Outcomes of Displaced Distal tibial fractures - Surgery Or Casts in KidS (ODD SOCKS)


 For more information on this trial including details on taking part, please visit the dedicated ODDSocks trial website by following the link below.


Broken ankles in children often involve the area from which the bone grows – the growth plate.

Following growth plate injuries, the growth of the shin bone in the lower leg (the tibia) can be altered permanently, which can cause the bone to not grow at all, or to grow wonky. The younger the child at the time of injury (i.e. the more they have to grow), the worse the problem may get once the child has fully grown. There are different ways to treat this injury, but it is currently unclear whether one type of treatment is better than another.

Some doctors believe that children with growth plate injuries need surgery to reset the bones to ensure that the growth plate is restored into its original position. They believe that this will lower the chance of abnormal growth. However, other doctors believe that attempting to reset the bones to restore the growth plate with surgery could bring about further damage. These doctors recommend the bones to be treated in a plaster cast, without surgery to reset the bones.   

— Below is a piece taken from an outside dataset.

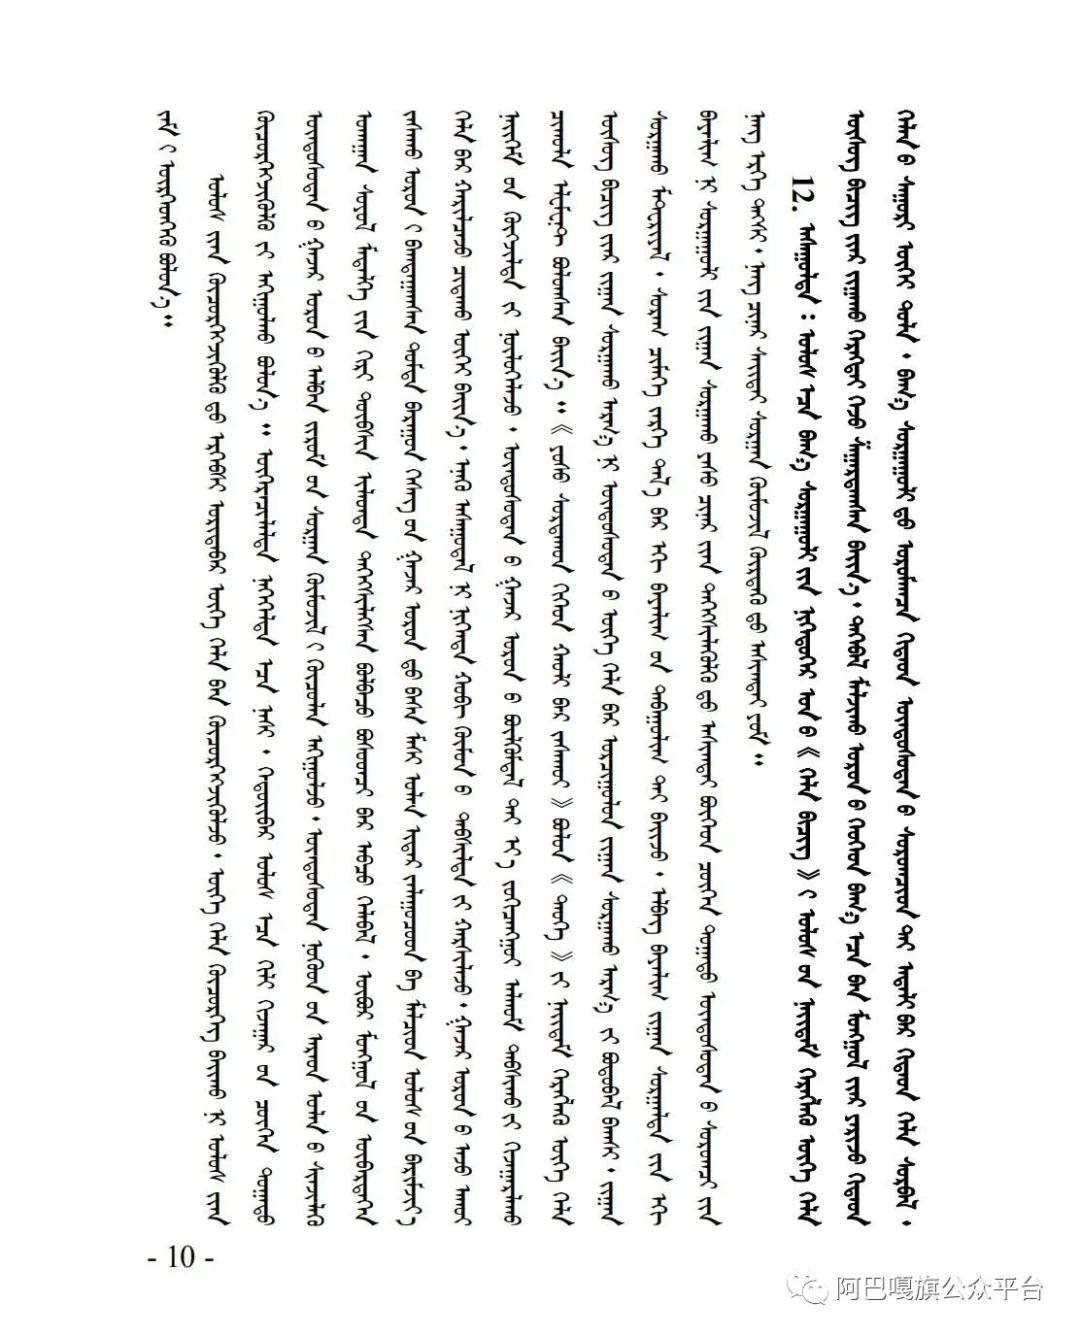 """锡林郭勒盟使用国家统编教材""""有问必答""""(第一期)(蒙汉文) 第10张 锡林郭勒盟使用国家统编教材""""有问必答""""(第一期)(蒙汉文) 蒙古文库"""

This is a multi-centre prospective randomised superiority trial of conservative versus surgical treatment for displaced distal tibial fractures in children aged 8-15 years.


This study will aim to recruit a minimum of 192 children with a severe fracture (where the bone ends have moved apart from each other) through the growth plate at the bottom of the tibia bone, over a three-year period from at least 30 hospitals.

After providing consent and baseline data, patients will be randomly allocated (1:1) to either surgical reduction or conservative treatment (non-surgical casting).

All children will be followed-up for two-years to monitor their function, and the length and appearance of the leg. The study will also ask about pain, whether they needed any more surgery, school attendance, complications, the number of hospital visits, their quality of life and satisfaction.

Follow-up will occur at 6 weeks, 3, 6, 12 & 24 months. Participant follow-up will be organised by the University of Oxford – either electronically by email/text message or by telephone.

Recruitment period is approximately 3 years.

Further consent may be sought from participants to allow potential future long term follow-up. 


The aim of this pragmatic randomised controlled trial is to evaluate the clinical and cost-effectiveness of surgical reduction, compared to conservative treatment, for the management of displaced Salter Harris-II fractures of the distal tibial physis in children.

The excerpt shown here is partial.